INGN 241, a new drug that directly virsuachtig tumor to be injected, gives a phase I study in 22 cancer patients 100% result. Article posted June 2005
June 9, 2005: Source: Mol There. January 2005, 11 (1) :160-72.An injection of a virus-like drug, code-named gives INGN 241 phase I trial in 22 cancer patients 100% result. The abstract is medically difficult to understand for lay people but the approach resembles the approach of the Newcastle virus . In or near the tumor is a virus-like drug injected and this seems the suicide of cancer cells and stiumuleren stimulleert to the immmuunsysteem and gives no side effects because it leaves healthy cells intact. A special development. The address of Inrogen Inc.. The producer of this INGN 241 is under the address of Introgen , only for OPS members Mol There. January 2005, 11 (1) :160-72.
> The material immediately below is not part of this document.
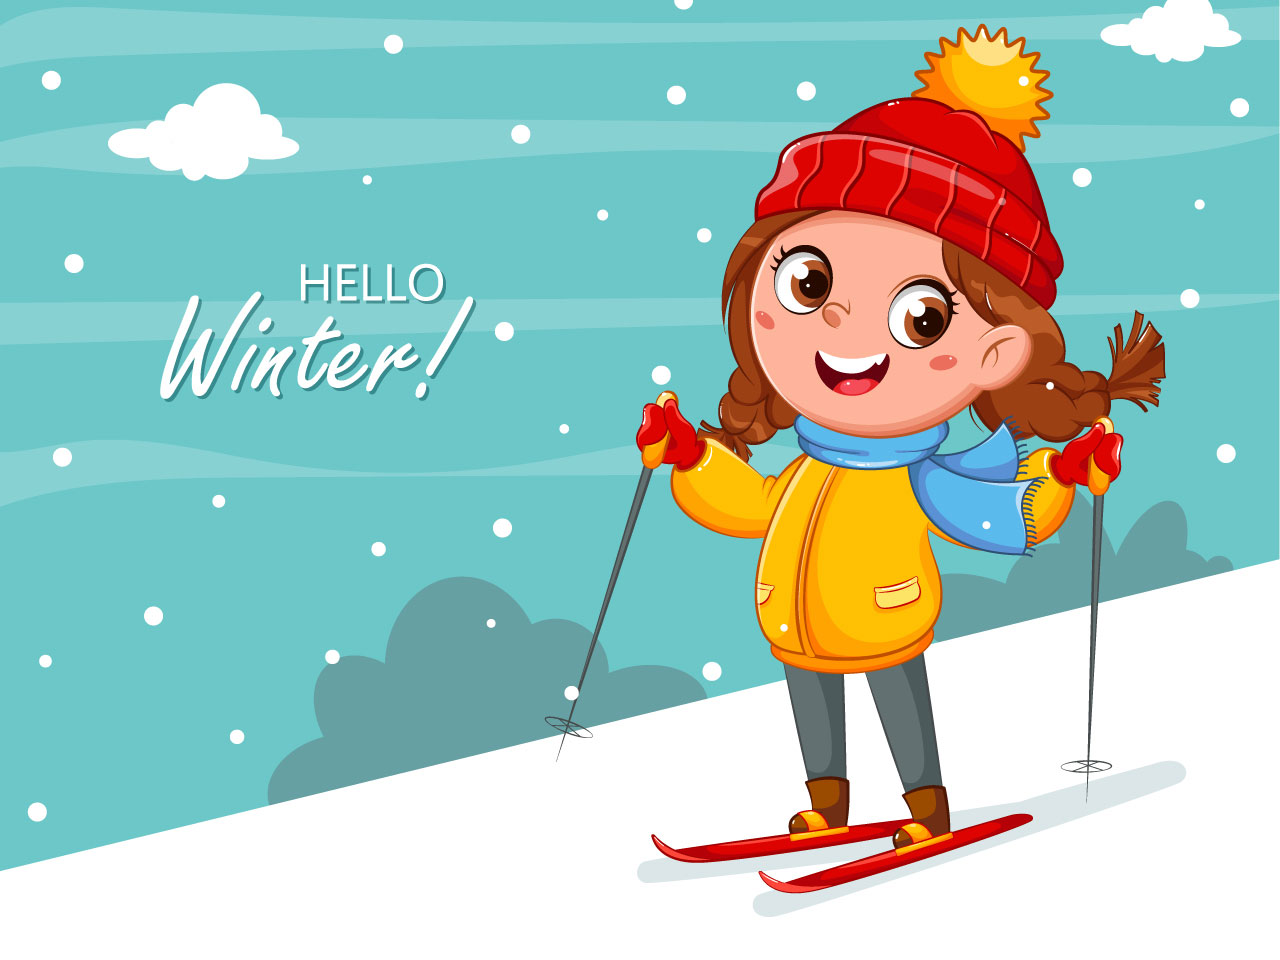 Hi clipart kid skiing cute skier girl cartoon character winter sport hello winter concept cartoon illustration image
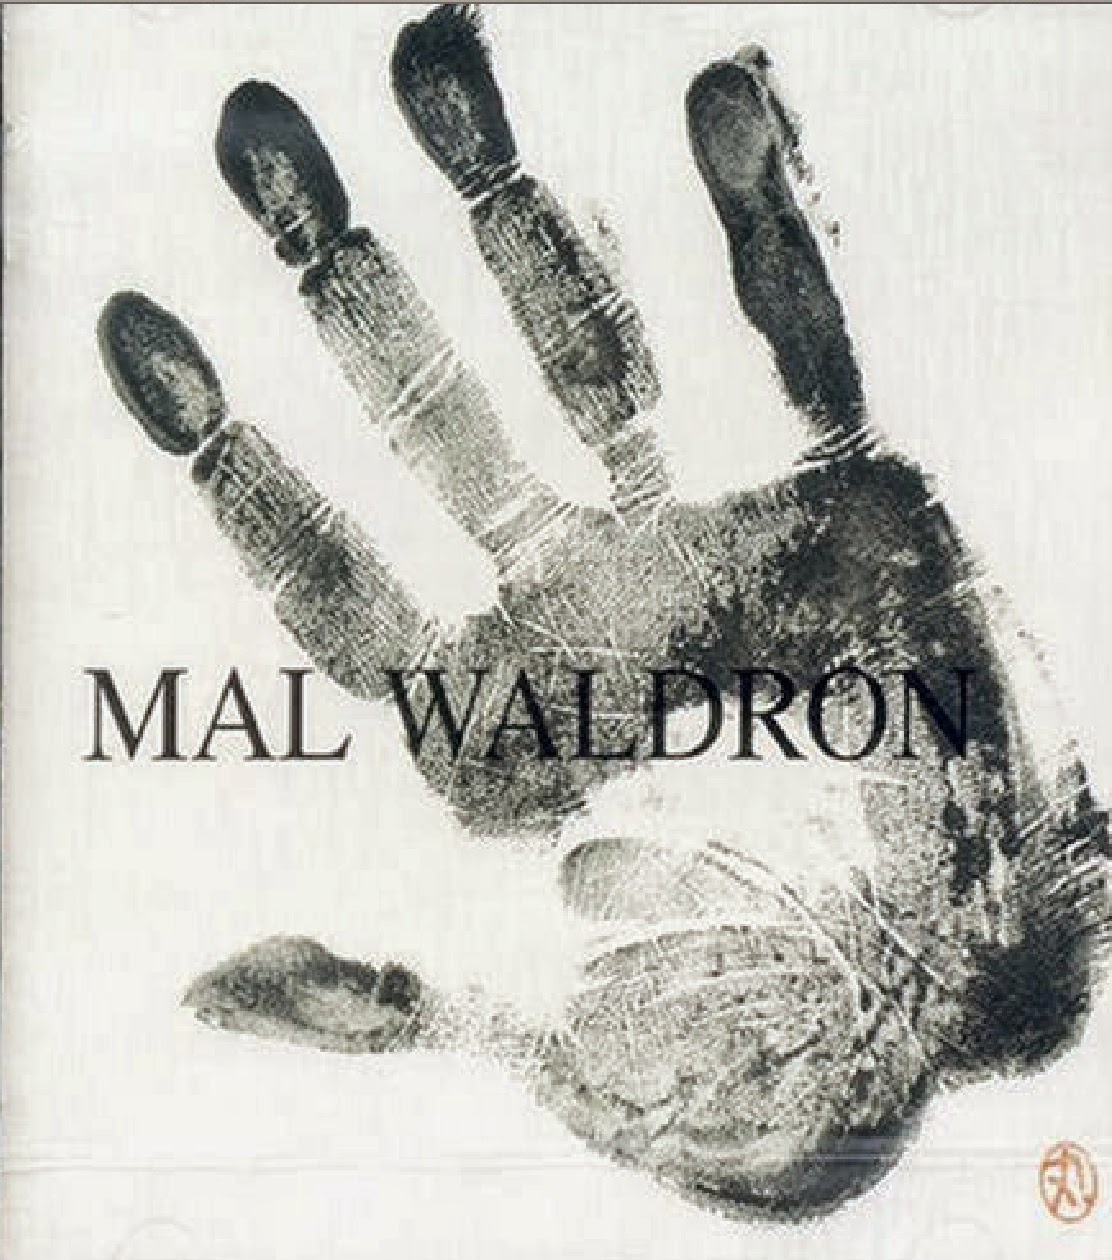 MAL WALDRON - Mal Waldron cover

Intratumoral injection of INGN 241, a nonreplicating adenovector expressing the melanoma differentiation-associated gene-7 (mda-7/IL24): biologic outcome in advanced cancer patients.
Tong AW, Nemunaitis J, Su D, Zhang Y, Cunningham C, Senzer N, Netto G, Rich D, Mhashilkar A, Parker K, Coffee K, Ramesh R, Ekmekcioglu S, Grimm EA, of Wart Hood J, Merritt J, S. Chada
Baylor Sammons Cancer Center, Baylor University Medical Center, Dallas, TX 75246, USA.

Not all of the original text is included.